Catalog Number:

Duration: 42 minutes, 26 seconds

Author: Dr. Vinny Celenza

Prosthetic Cantilevers: Friend or Foe?

Cantilevers are a common solution in restorative dentistry for various dental problems. These freestanding structures, supported at one end and extending outward, have been used to great effect in different fields, including architecture and engineering. Some well-known examples of cantilevers include diving boards and Frank Lloyd Wright’s iconic Falling Waters home. However, when it comes to dental applications, the use of cantilevers can be both a friend and a foe.

1. The Definition of Cantilevers in Dentistry

In restorative dentistry, cantilevers are utilized to address specific issues. These structures are designed to provide support and extension for dental prosthesis. The cantilever is typically anchored to an existing tooth or dental implant at one end, allowing it to extend and provide functional support.
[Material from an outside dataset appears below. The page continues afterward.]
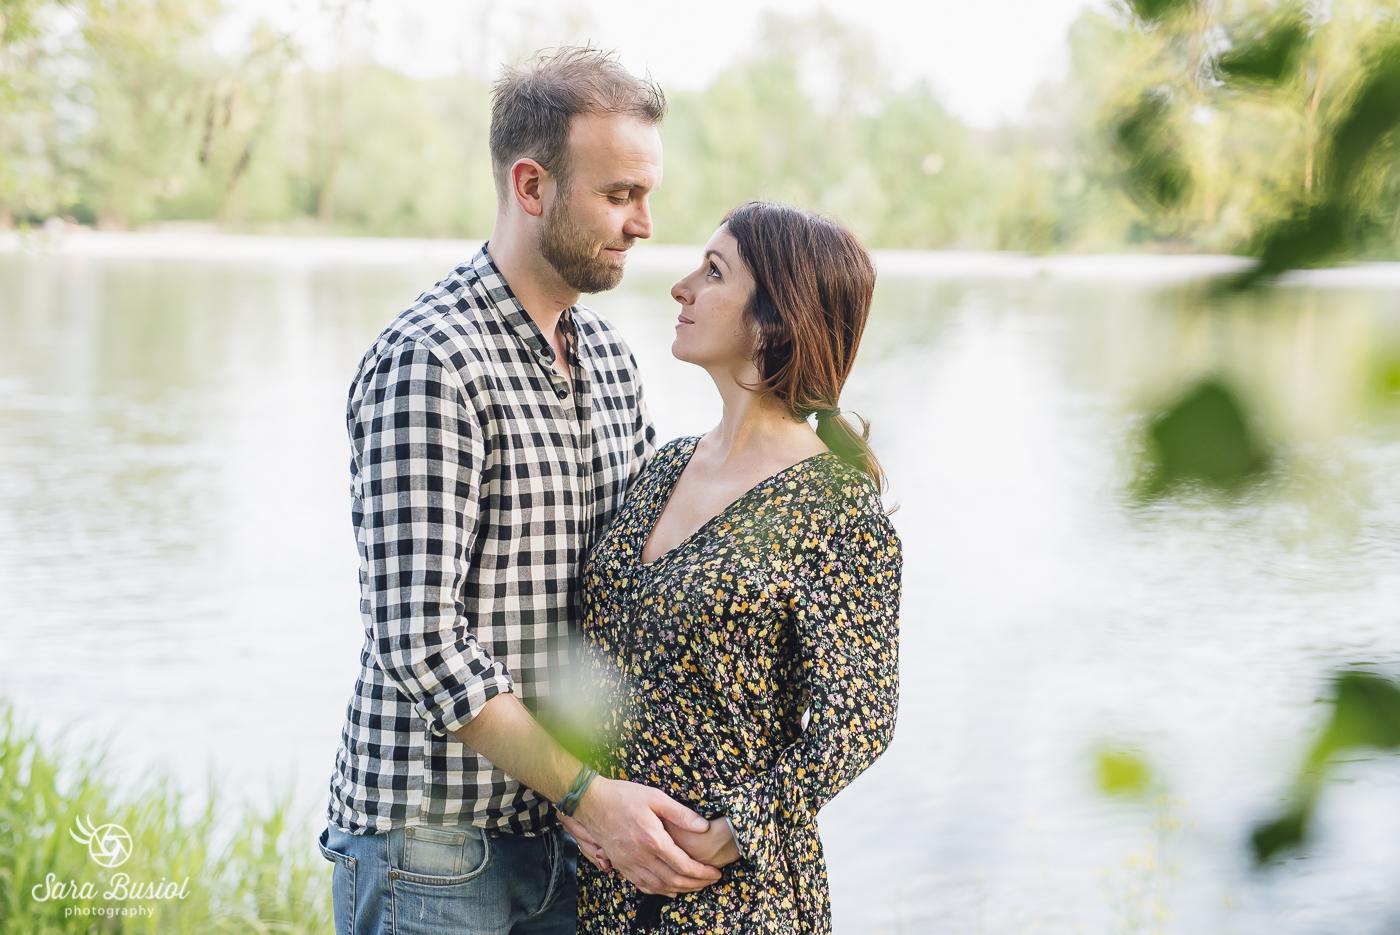 Letizia&Luca-engagment 100

2. The Potential Benefits of Cantilevers

Cantilevers have been proven to be beneficial in certain clinical settings. They offer a solution for cases where traditional dental prostheses cannot be used due to limited available space or insufficient support. By utilizing the principles of cantilever engineering, dentists can confidently address these challenges, restoring function and aesthetics for their patients.

3. The Importance of Choosing the Right Clinical Setting

While cantilevers can be successful, it is crucial to choose the right clinical setting for their usage. Incorrect placement or inadequate assessment of the patient’s oral condition can lead to potential issues down the line. It is essential for dentists to carefully evaluate factors such as the patient’s oral health, occlusal forces, and bone density before opting for a cantilever solution.

4. Potential Issues with Cantilevers

While cantilevers offer unique advantages, they can also present certain challenges. Dentists and patients should be aware of potential issues that may arise with cantilevered prosthetics. These can include:

a. Color Changes:

In some cases, the cantilevered prosthesis may exhibit color differences compared to the adjacent natural teeth. This disparity can be noticeable and affect the overall aesthetics of the restoration.

b. Margin Showing:

Improper design or placement of the cantilever can lead to the exposure of the margin, where the prosthesis meets the natural tooth or dental implant. This can result in unaesthetic outcomes and potential oral health concerns.

c. Gingival Recession:

Due to the unbalanced stresses placed on the cantilevered prosthesis, there is a risk of increased gingival recession. This can lead to discomfort for the patient and potential complications requiring further treatment.


Prosthetic cantilevers in restorative dentistry offer unique solutions for challenging clinical cases. However, their success relies on careful assessment, proper design, and meticulous execution. Dentists and patients should be aware of the potential benefits and drawbacks of using cantilevers, allowing them to make informed decisions regarding their dental treatments.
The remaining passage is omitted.